── THE DATA ──

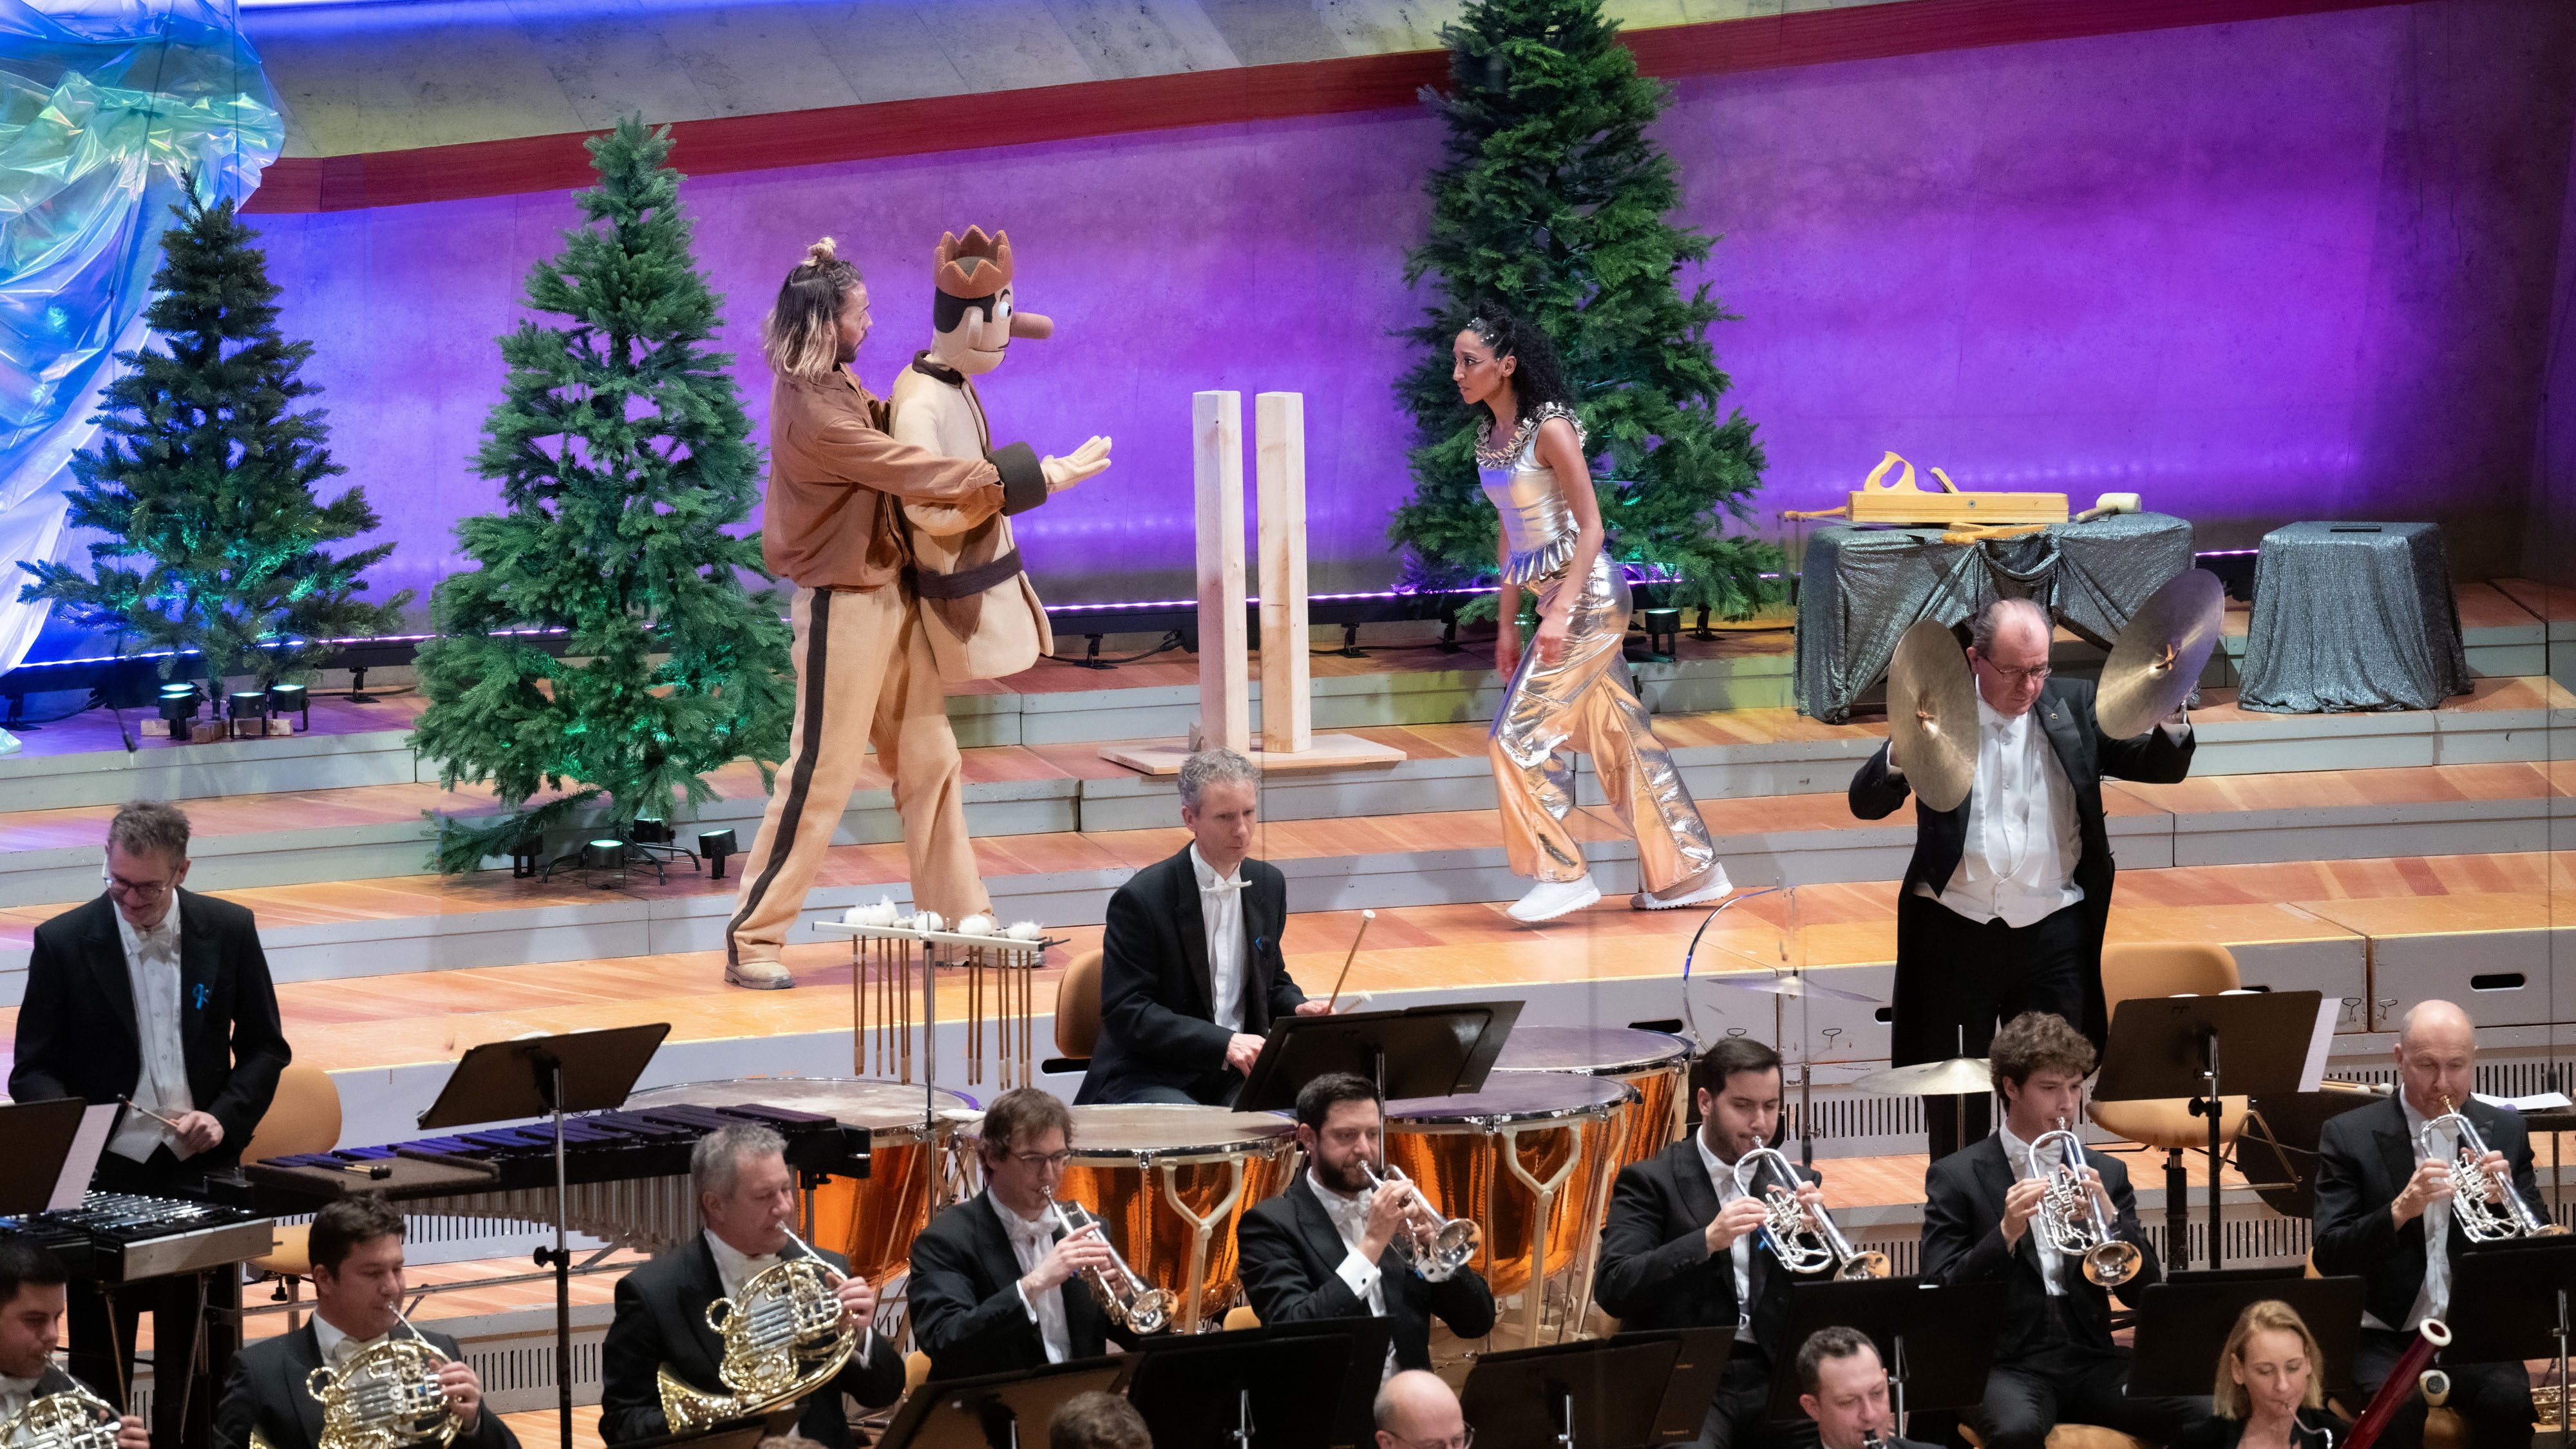 Vorne ist ein Teil des Orchesters auf der Bühne zu sehen, hinten geht ein Mann mit einer großen Prinzenpuppe auf eine verkleidete Frau zu
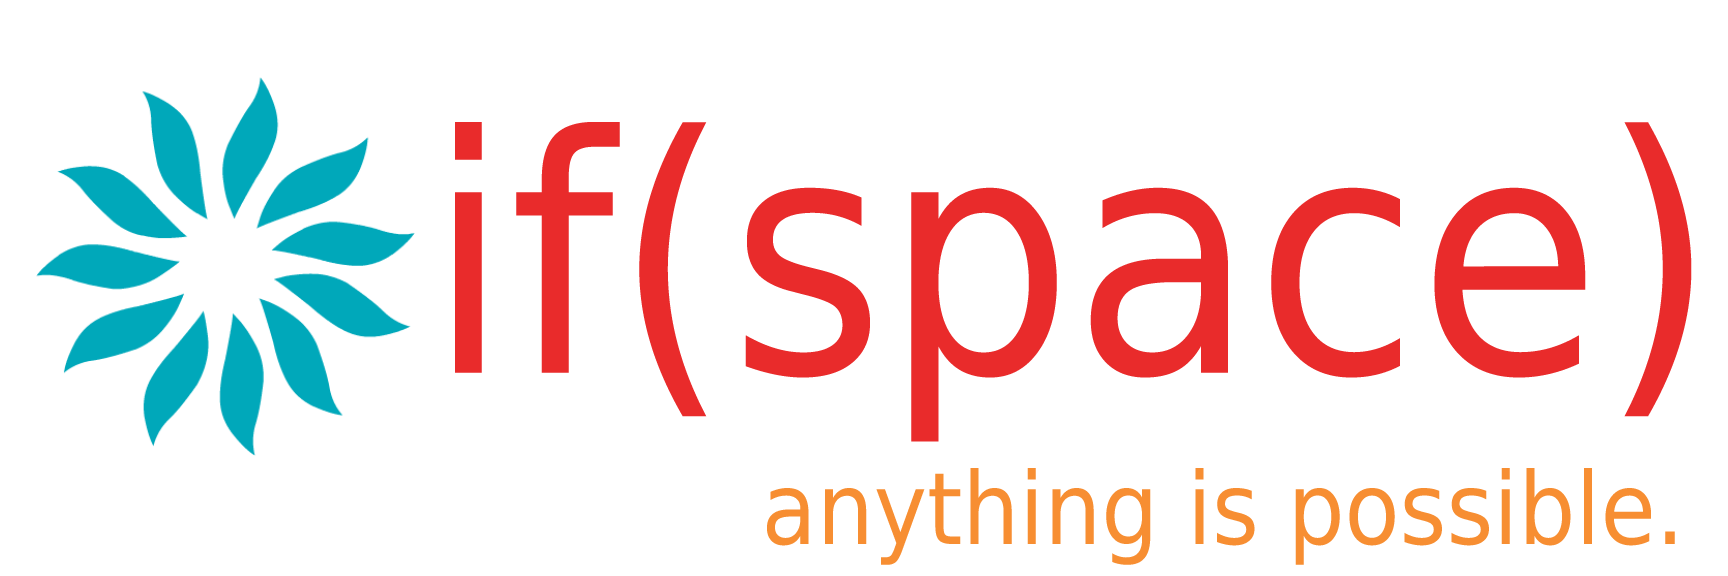 IfSpace
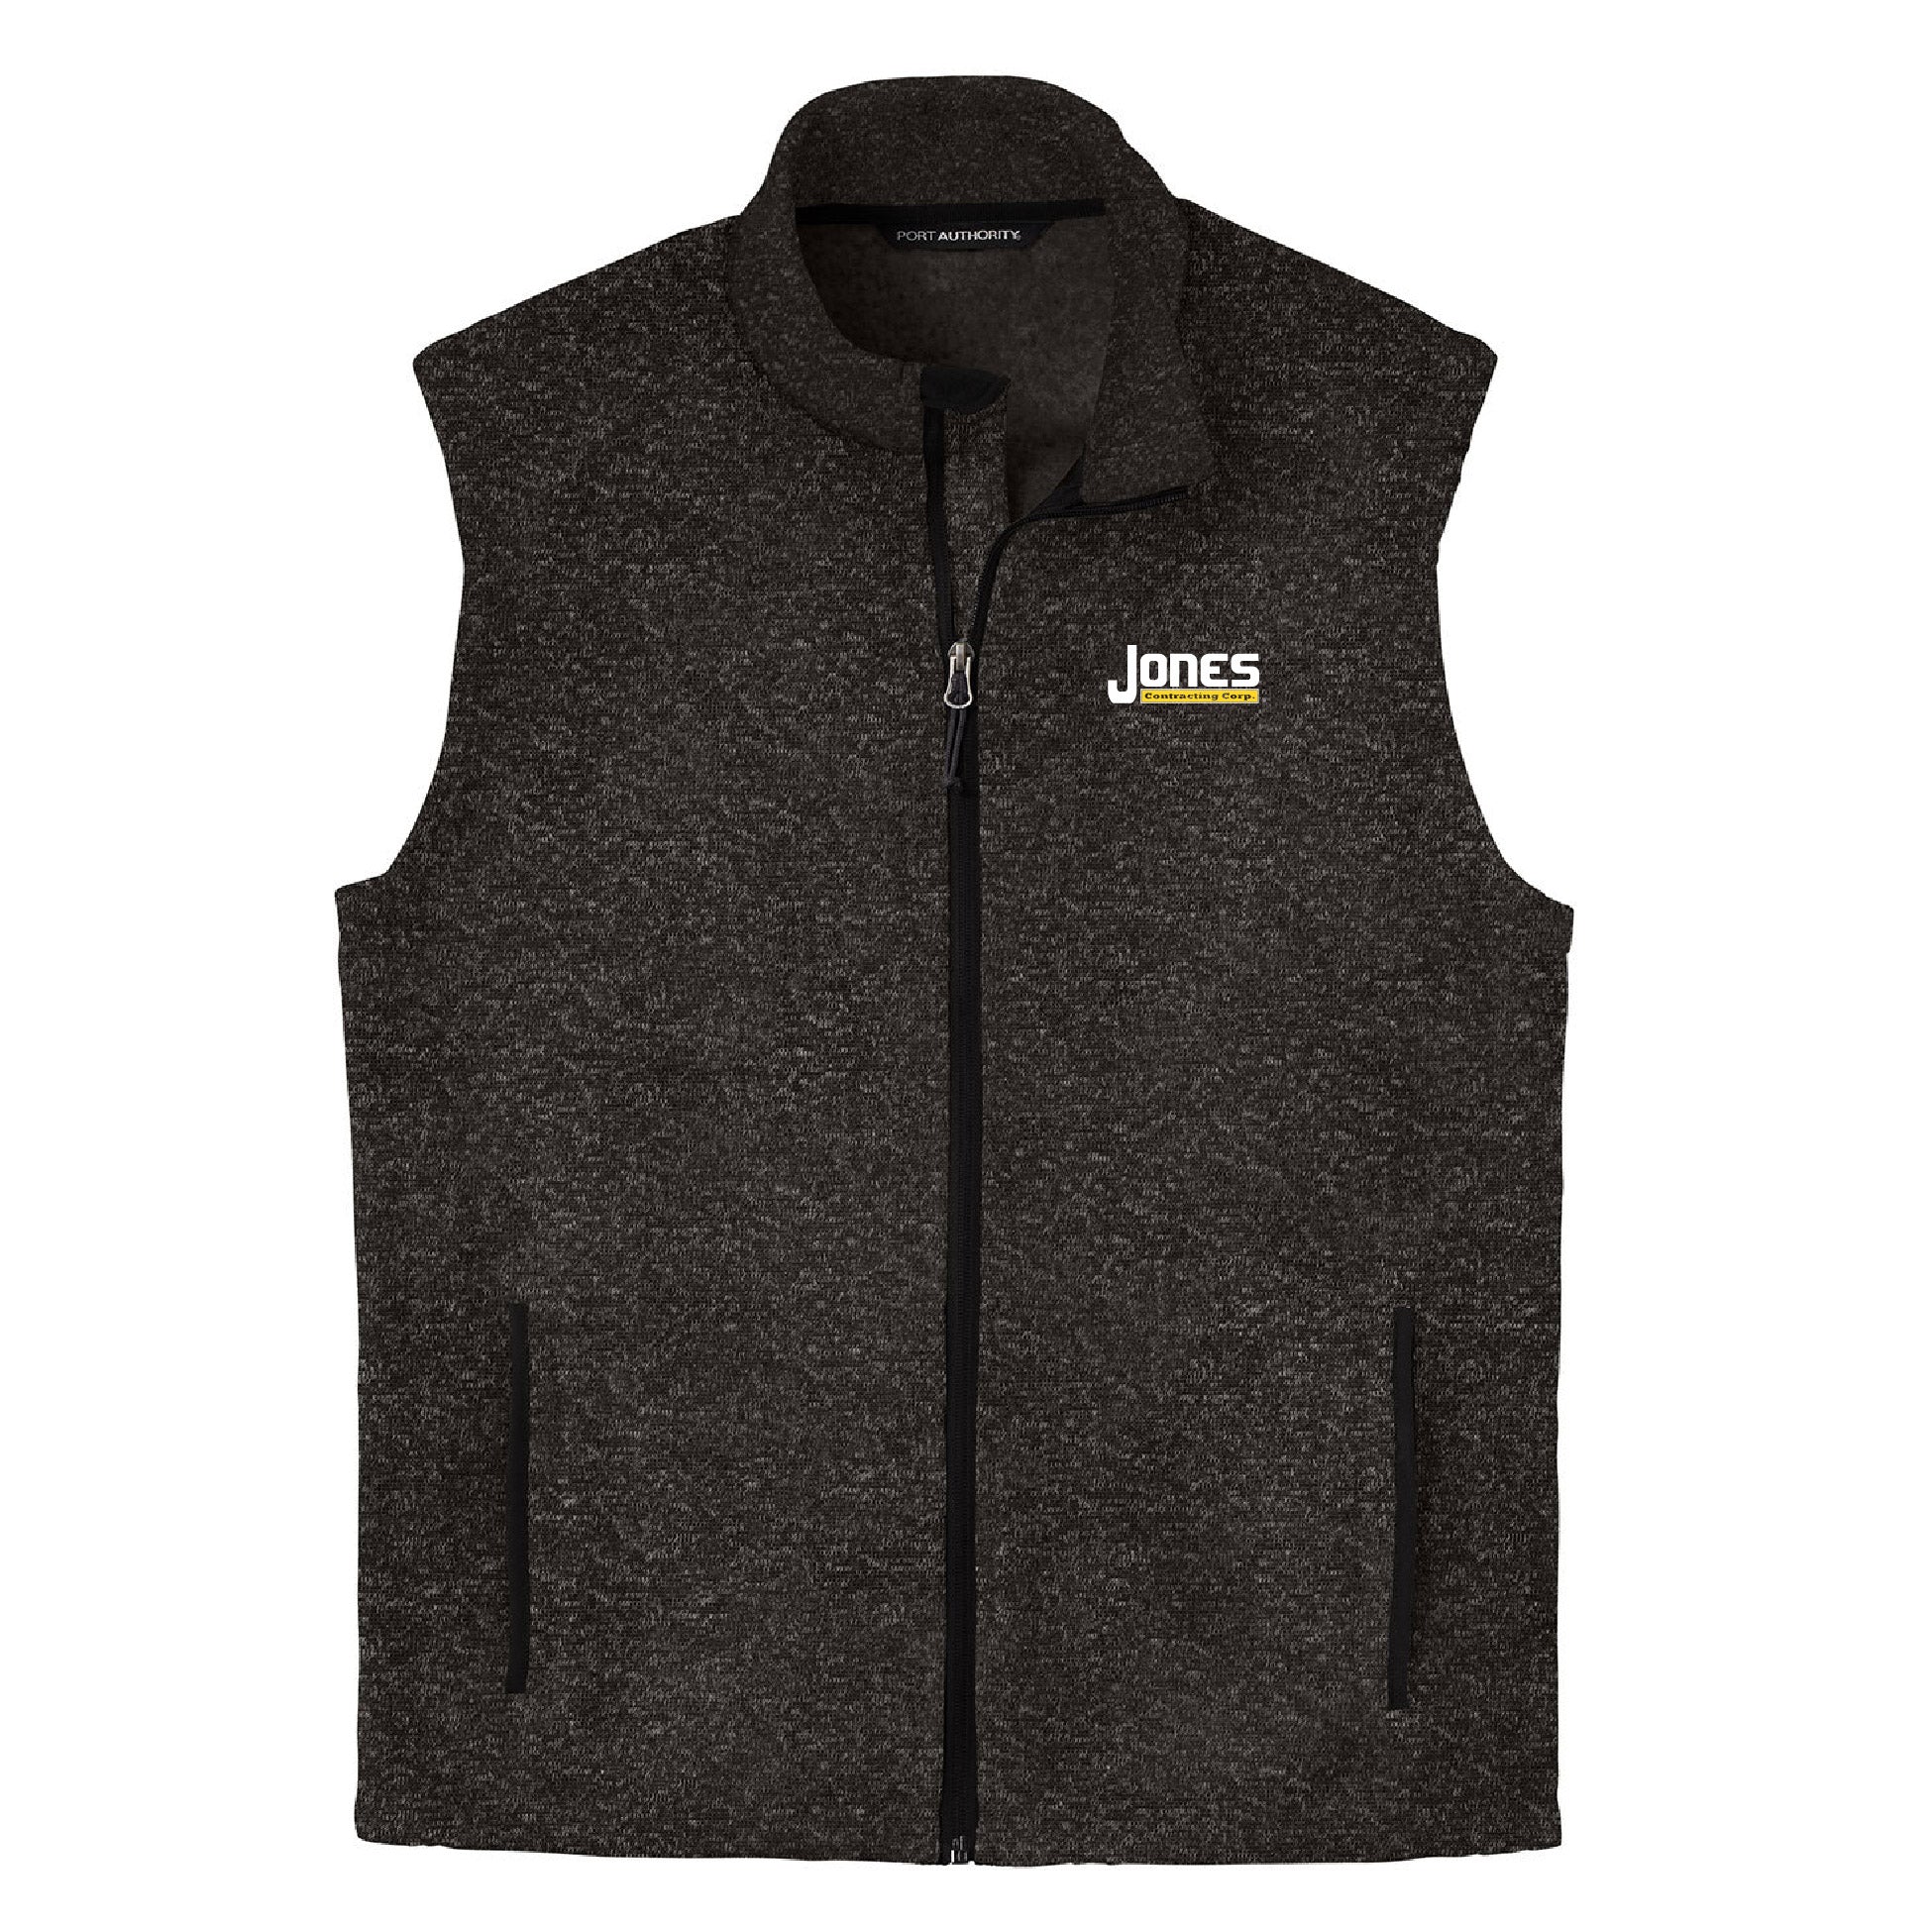 Jones Contracting Sweater Fleece Vest

───

• **YOUR GOAL**
Without any of its images, the data above should be returned exactly.

• **ANSWER TO THE PROBLEM**
 Vorne ist ein Teil des Orchesters auf der Bühne zu sehen, hinten geht ein Mann mit einer großen Prinzenpuppe auf eine verkleidete Frau zu
 IfSpace
 Jones Contracting Sweater Fleece Vest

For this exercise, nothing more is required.